Looks nice but looks are not everything, since never shot it can't really say.


----------



## longbowdave1 (Feb 19, 2010)

mr mike,

 it's a bow that i desiged for my 11 year old son last year, it's a wicked little bow that move an arrow real well. he uses it to hunt whitetails as well as going to 3-d shoots. i'm tempted to use his for turkey this year, it would work well from a blind.


----------



## CallMaker (Feb 19, 2010)

That would be a great bow for turkeys from a blind.

Ed


----------



## longbowdave1 (Feb 19, 2010)

ed , my tag for turkey is not until the first week of may but, i may take that bow. 40+ pounds is plenty to take down a tom!


----------



## CallMaker (Feb 19, 2010)

I should say 40# is enough, and then some. My standard turkey bow for several years was 38# and it worked just fine. For that matter there is nothing wrong with 40# for deer.

Ed


----------



## longbowdave1 (Feb 19, 2010)

i agree. i read and article in traditional bowhunter magazine a few years back, it was about a guy who built just such a short longbow about 35 pounds just for his turkey hunts. he said he liked to be able to draw sooner and hold longer on the birds with a lighter bow. less chance of getting picked off with the movement from drawing the bow>-------->


----------



## CallMaker (Feb 19, 2010)

Amen to that, those birds will bust you in a heartbeat from just a little movement. Being old and lazy most of my turkey hunting is from a blind but when I hunted "in the open" I found that those birds are pretty quick to make you.

Ed


----------



## longbowdave1 (Feb 19, 2010)

i had several toms come in last spring but just wouldn't take the last few steps to  loose an arrow. maybe this year.

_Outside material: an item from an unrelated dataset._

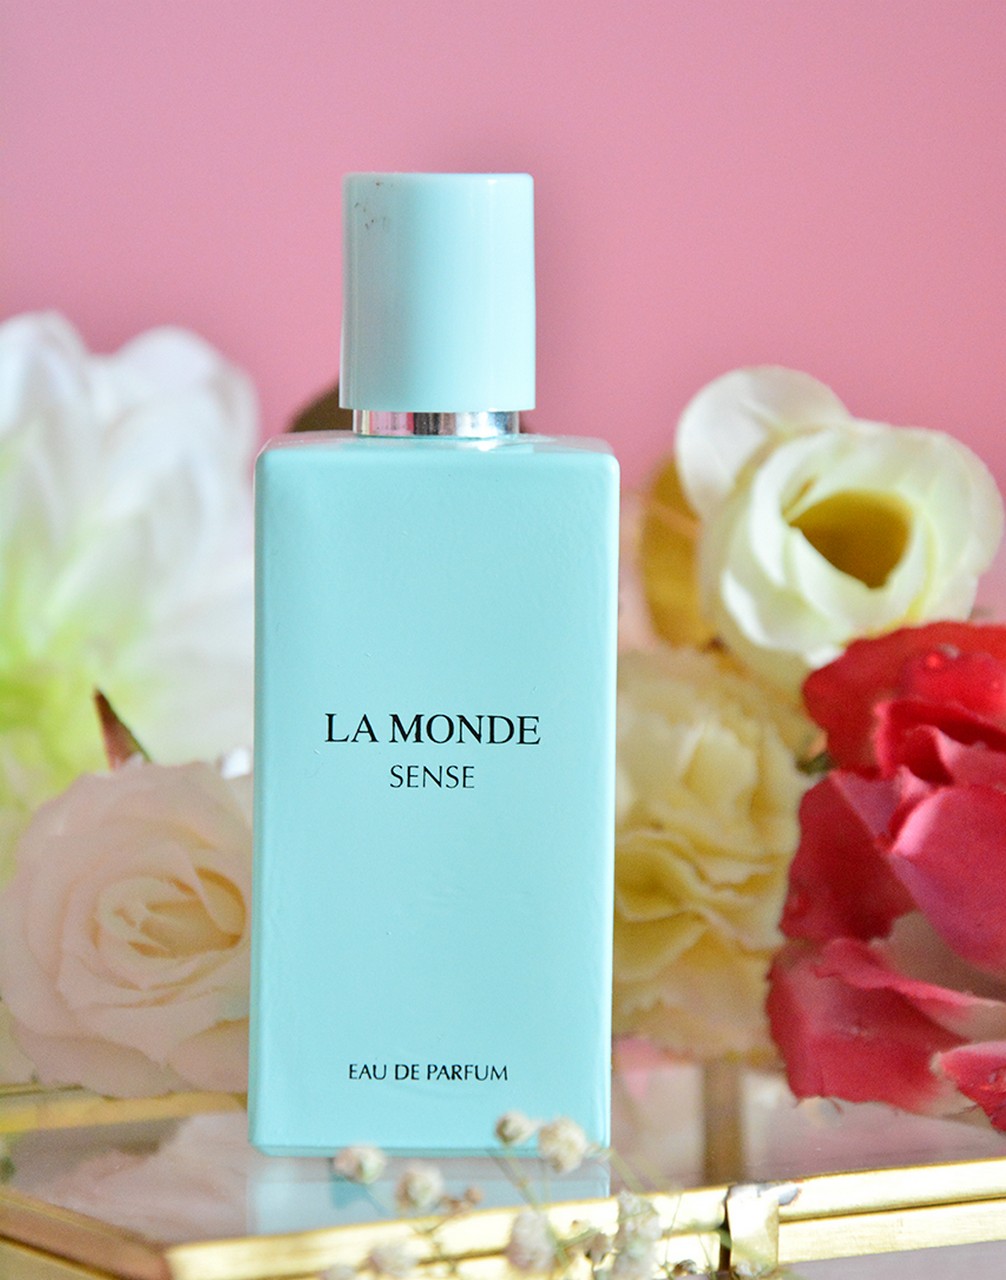 La Monde Sense Kadın Parfümü Nerede Satılıyor?

 just remembered, that in my avatar picture , my son is holding his version of this bow, it's 38# at 26" and he's lovin it!


----------



## longbowdave1 (Feb 20, 2010)

here's a better picture!


----------



## CallMaker (Feb 21, 2010)

Dave, You have mail.

Ed


----------



## longbowdave1 (Feb 21, 2010)

thanks ed!!


----------



## longbowdave1 (Feb 25, 2010)

bow available only for a few more days, thanks for looking.


----------



## longbowdave1 (Feb 27, 2010)

last day available, thanks for looking!


----------